Eight of us — six Swedes, one Finn, and me — are gathered in a modest city-center studio apartment in Stockholm’s eclectic Sodermalm district. Next to our dinner table is a small window with a gorgeous view of Stockholm’s history-rich old town, Gamla stan, with its narrow fingerlike red clay, melon, and burnt sienna-colored structures. The location alone makes this modest studio as coveted as a New York-city penthouse with direct views of the Empire State Building.
Jorgen is making single cups of coffee on a mini press as we each wait silently in turn. The silence leaves me unsettled, almost feeling obliged to fill it with random chit-chat, a few words about the weather. I glance from silent guest to silent guest. Surely I can’t be the only one struck by this stillness? When Jorgen hands over a coffee, we chat again as if trying not to exclude him from any of our conversations.

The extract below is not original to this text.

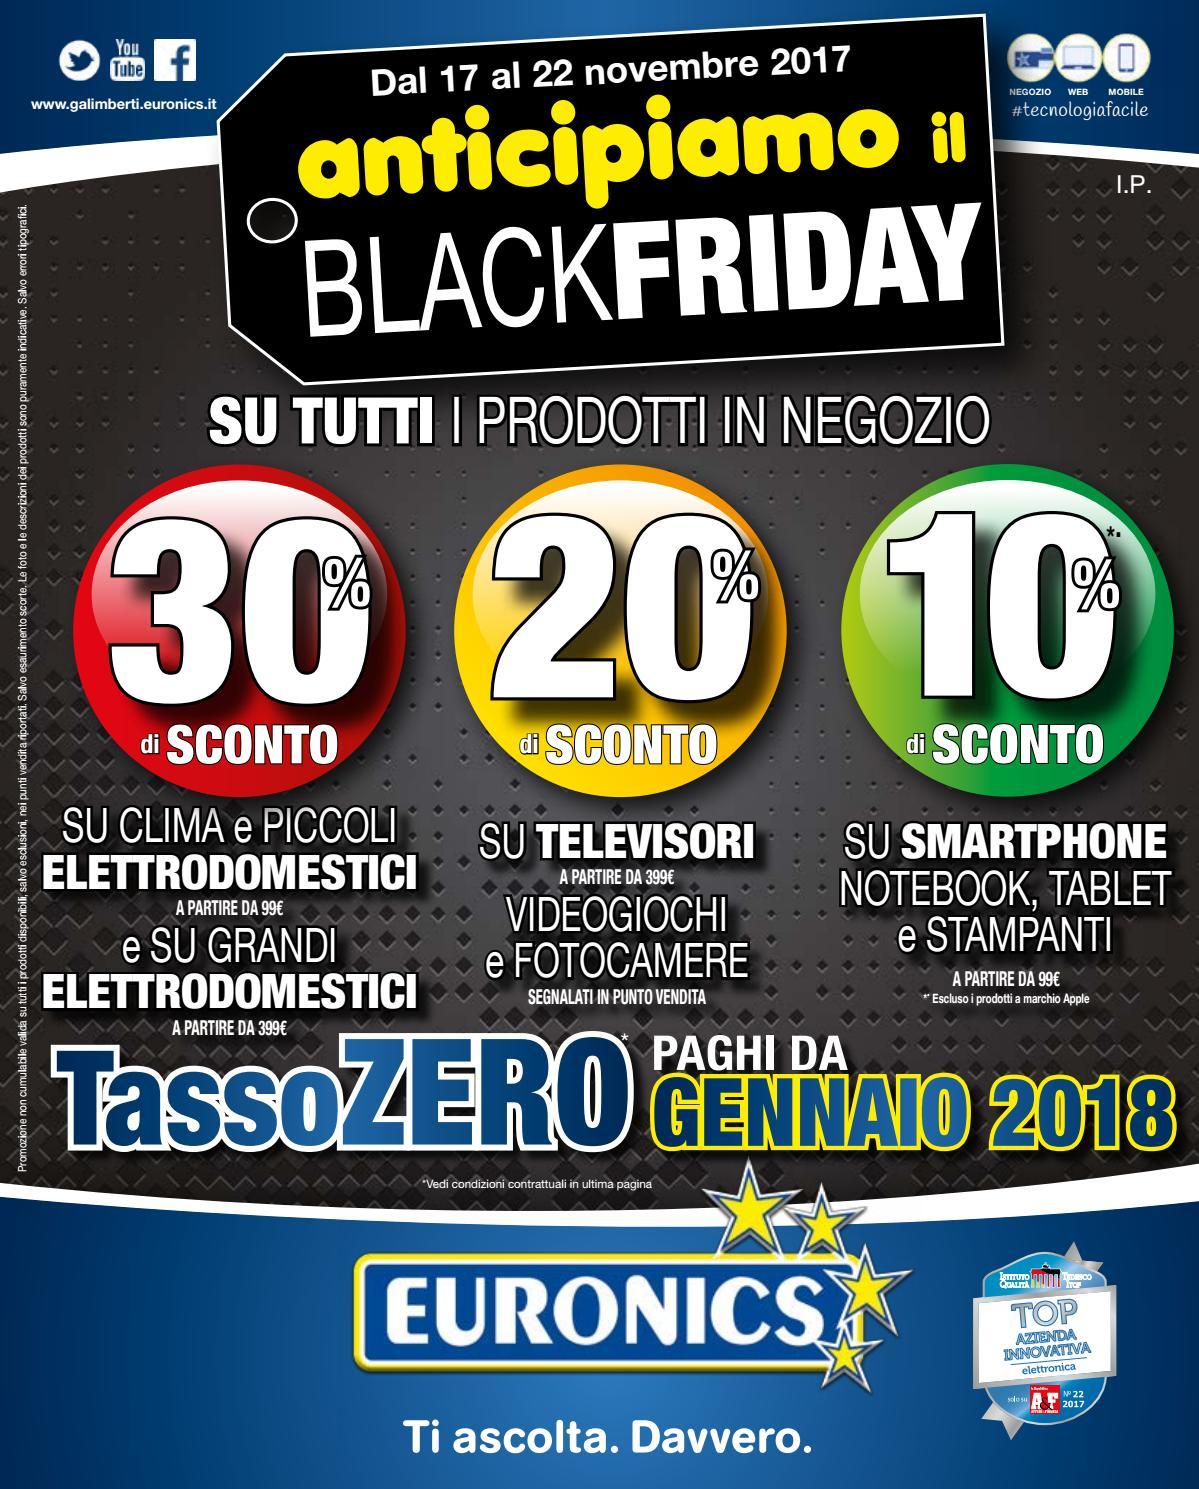 Galimberti anticipiamo il black friday by euronics italia for Black friday televisori
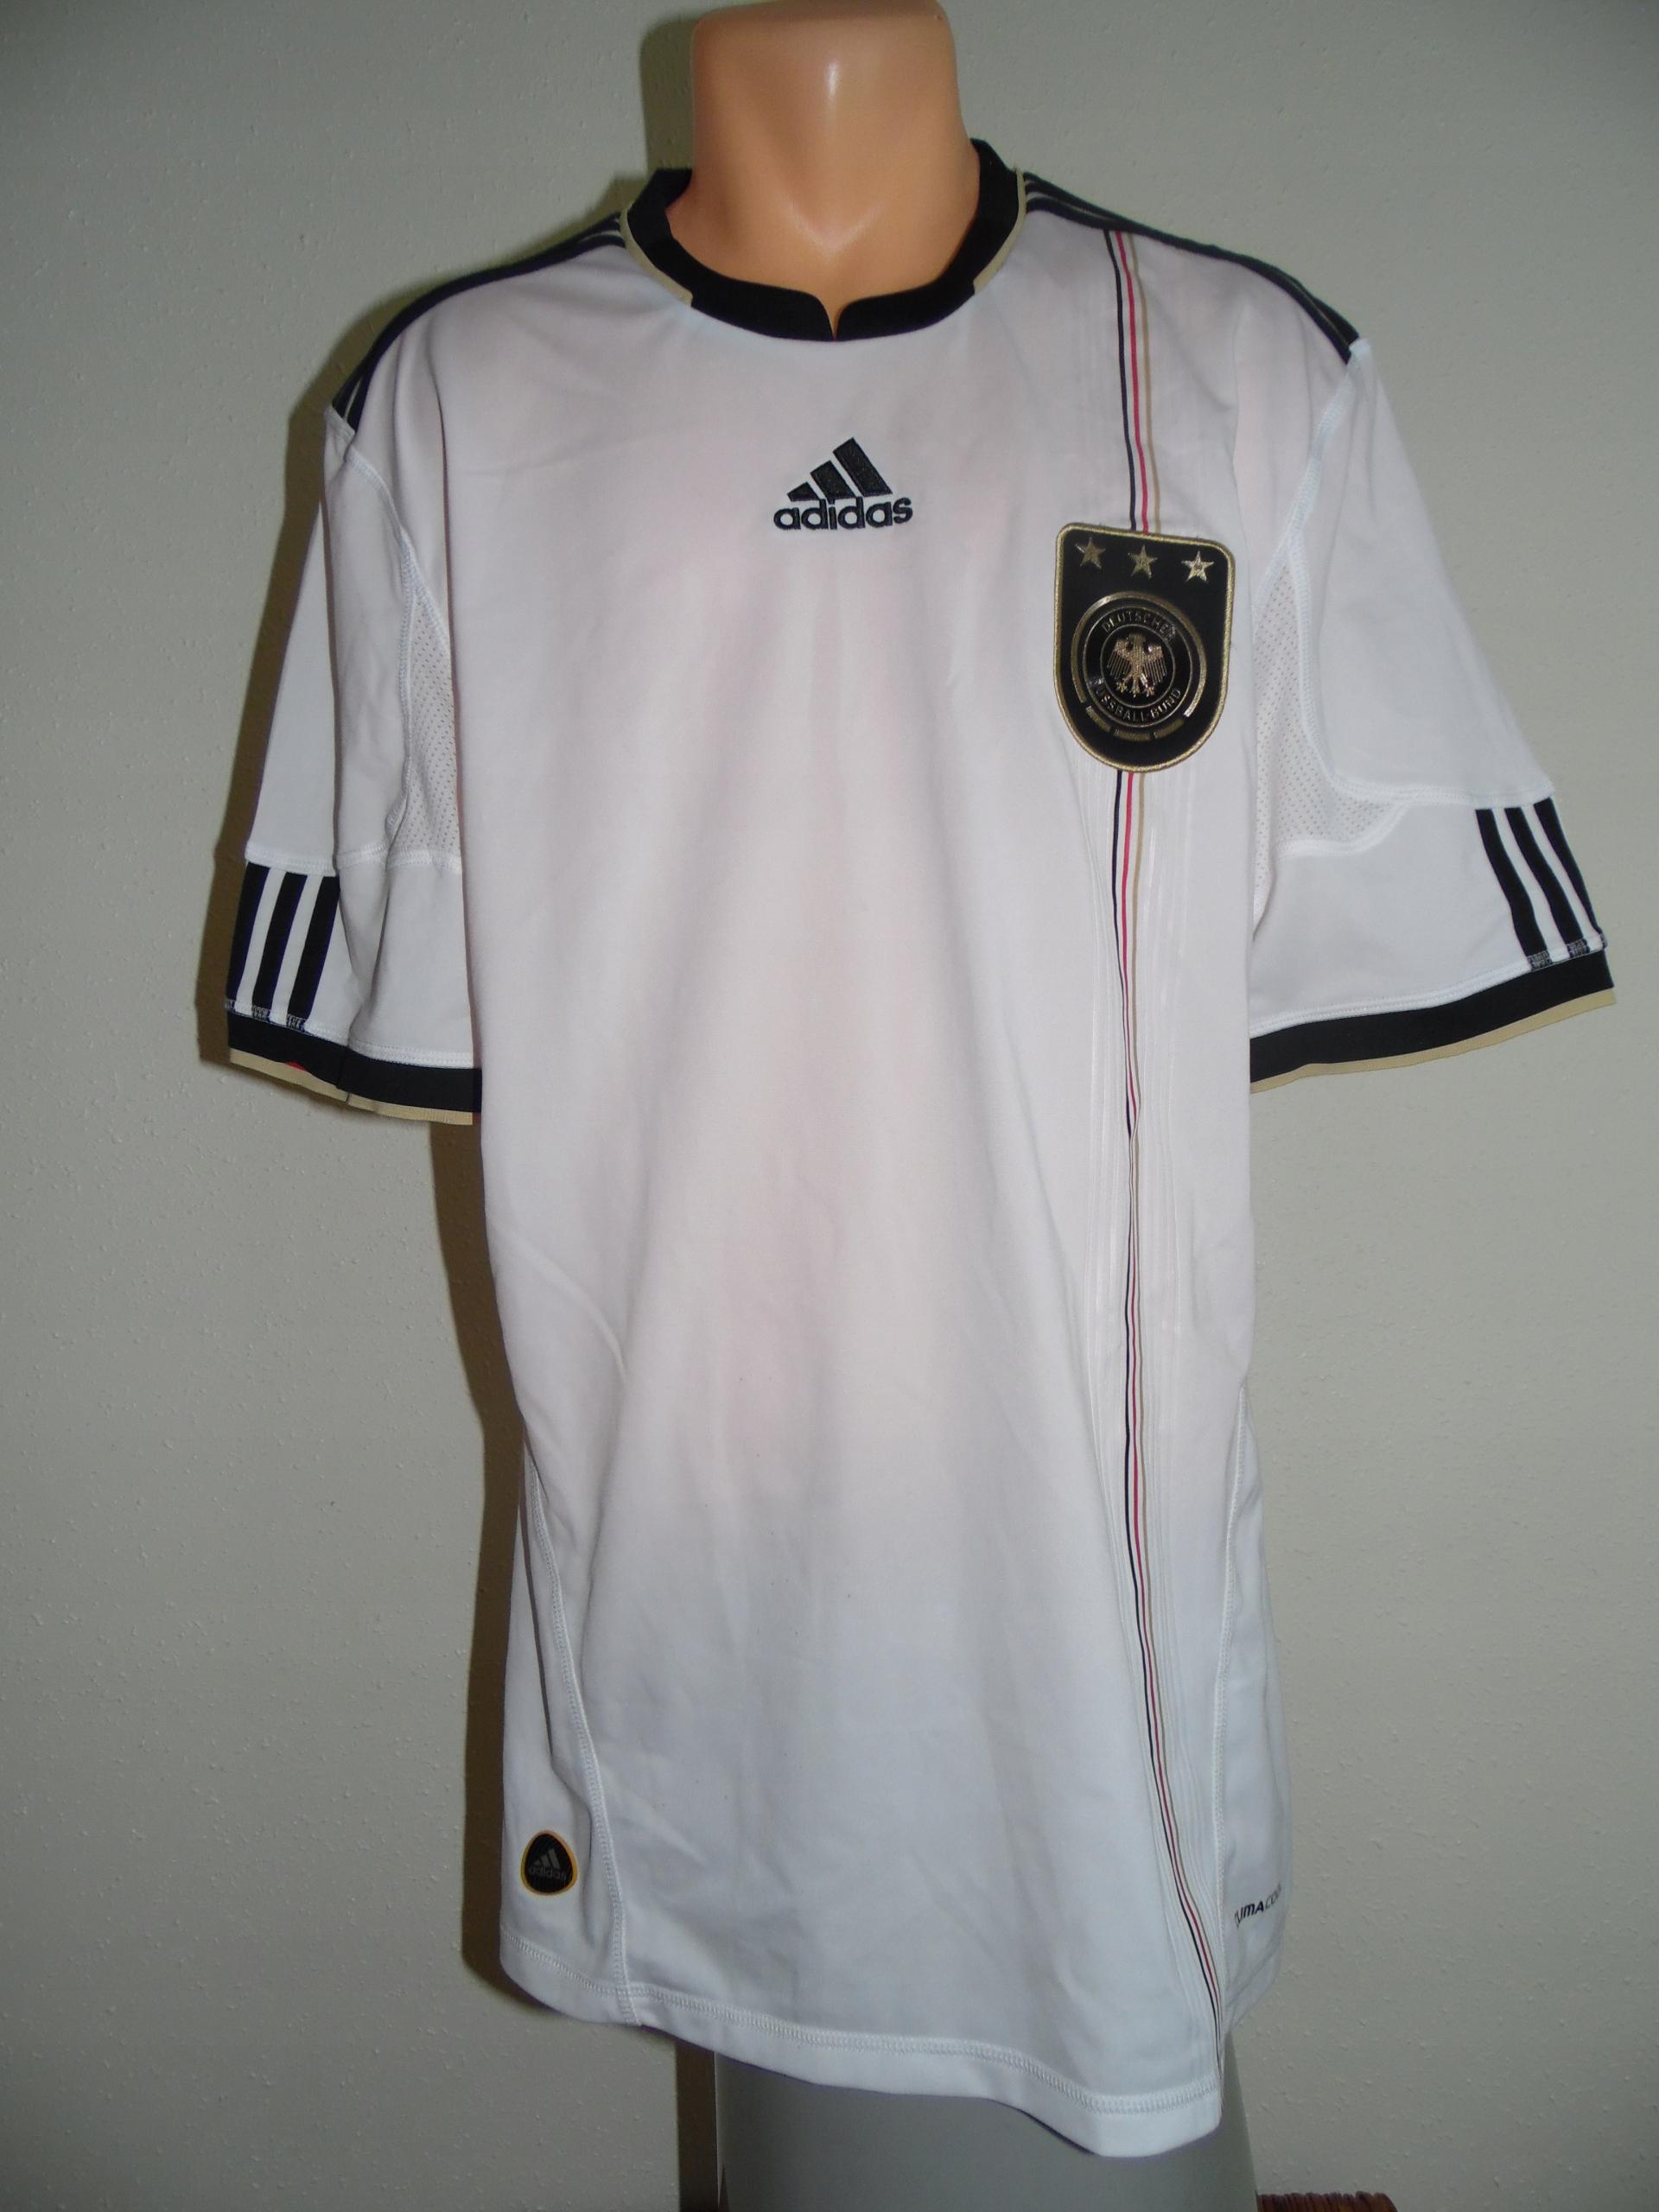 c6d1ea5abcbf Koszulka reprezentacji Niemiec Adidas climacool - 7453484058 ...

Then we revert back to silence as he presses the next cup.
I had noticed this silence before. Once at Stockholm’s Arlanda airport, after flying in from Swedish Lapland, our group of passengers waited in utmost quiet for about 30 minutes on our delayed luggage.
Back home in the US, I’d have nudged the nearest fellow, hissed and shook my head, and we would have commiserated in loud booming voices about this baggage delay.
Here, stating the obvious seems unnecessary.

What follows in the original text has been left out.